Mots clés : radioprotection / recommandations / révision / CIPR
Key words: radiological / protection / recommendations / review / ICRP
© The Authors, published by EDP Sciences 2022
This is an Open Access article distributed under the terms of the Creative Commons Attribution License (https://creativecommons.org/licenses/by/4.0), which permits unrestricted use, distribution, and reproduction in any medium, provided the original work is properly cited.
Avertissement Cet article est la traduction française de l’article : C Clement et al. 2021 Keeping the ICRP Recommendations Fit for Purpose. J. Radiol. Prot. 41 1390–1409 https://doi.org/10.1088/1361-6498/ac1611, initialement publié en anglais dans la revue « Journal of Radiological Protection ». Cet article est publié avec la permission de la Commission internationale de protection radiologique (CIPR), et dans le respect des droits liés à cette publication, conformément aux demandes de l’éditeur IOP Publishing. L’IRSN est à l’initiative de cette publication en libre accès, et a assuré et validé la traduction en français de l’article original, en collaboration avec le Centre d’étude et d’évaluation de la protection dans le domaine nucléaire (CEPN).
1 Contexte et intention
La Commission internationale de protection radiologique (CIPR) est un organisme indépendant, non gouvernemental, reconnu comme organisme de bienfaisance par la Charity Commission for England and Wales. Depuis près d’un siècle, elle joue un rôle d’interface entre les dimensions scientifique et politique de la protection radiologique. Grâce à l’expertise et au travail largement bénévole de ses membres du monde entier, les recommandations de la CIPR sur la protection contre les effets nocifs des rayonnements ionisants sur la santé humaine et l’environnement constituent le fondement des normes, des règlements, de la législation et des pratiques en matière de radioprotection dans le monde entier.

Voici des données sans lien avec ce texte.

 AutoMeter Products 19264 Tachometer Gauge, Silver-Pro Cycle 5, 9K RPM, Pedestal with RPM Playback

De temps en temps, la CIPR publie des recommandations générales qui définissent l’ensemble du système de radioprotection (le « système »). Les premières recommandations générales ont été élaborées en 1928 (ICR, 1929). Des mises à jour ultérieures ont été produites, avant la pratique actuelle de numérotation des publications, en 1931 (ICR, 1931), 1934 (IXRPC, 1934), 1937 (IXRPC, 1938), 1950 (ICRP, 1951), 1954 (ICRP, 1955), et 1956 (ICRP, 1958), puis dans les Publications 1 (ICRP, 1959), 6 (ICRP, 1964), 9 (ICRP, 1966), 26 (ICRP, 1977), 60 (ICRP, 1991) et 103 (ICRP, 2007) de la CIPR.

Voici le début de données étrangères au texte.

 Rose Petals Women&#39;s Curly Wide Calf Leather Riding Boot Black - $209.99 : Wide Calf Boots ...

Le processus de révision de la Publication 60 de la CIPR (ICRP, 1991) a débuté il y a plus de vingt ans et a duré une dizaine d’années avant d’aboutir à la Publication 103 de la CIPR (ICRP, 2007). Compte tenu de ce délai et des plus de dix ans d’expérience avec les recommandations générales de la Publication 103, la CIPR lance un examen du système actuel en consultation avec les parties prenantes afin d’évaluer les domaines susceptibles de nécessiter une plus grande attention à la lumière des leçons de la dernière décennie ainsi que des progrès des connaissances scientifiques, de l’évolution des valeurs sociétales et des progrès dans la mise en œuvre pratique de la radioprotection.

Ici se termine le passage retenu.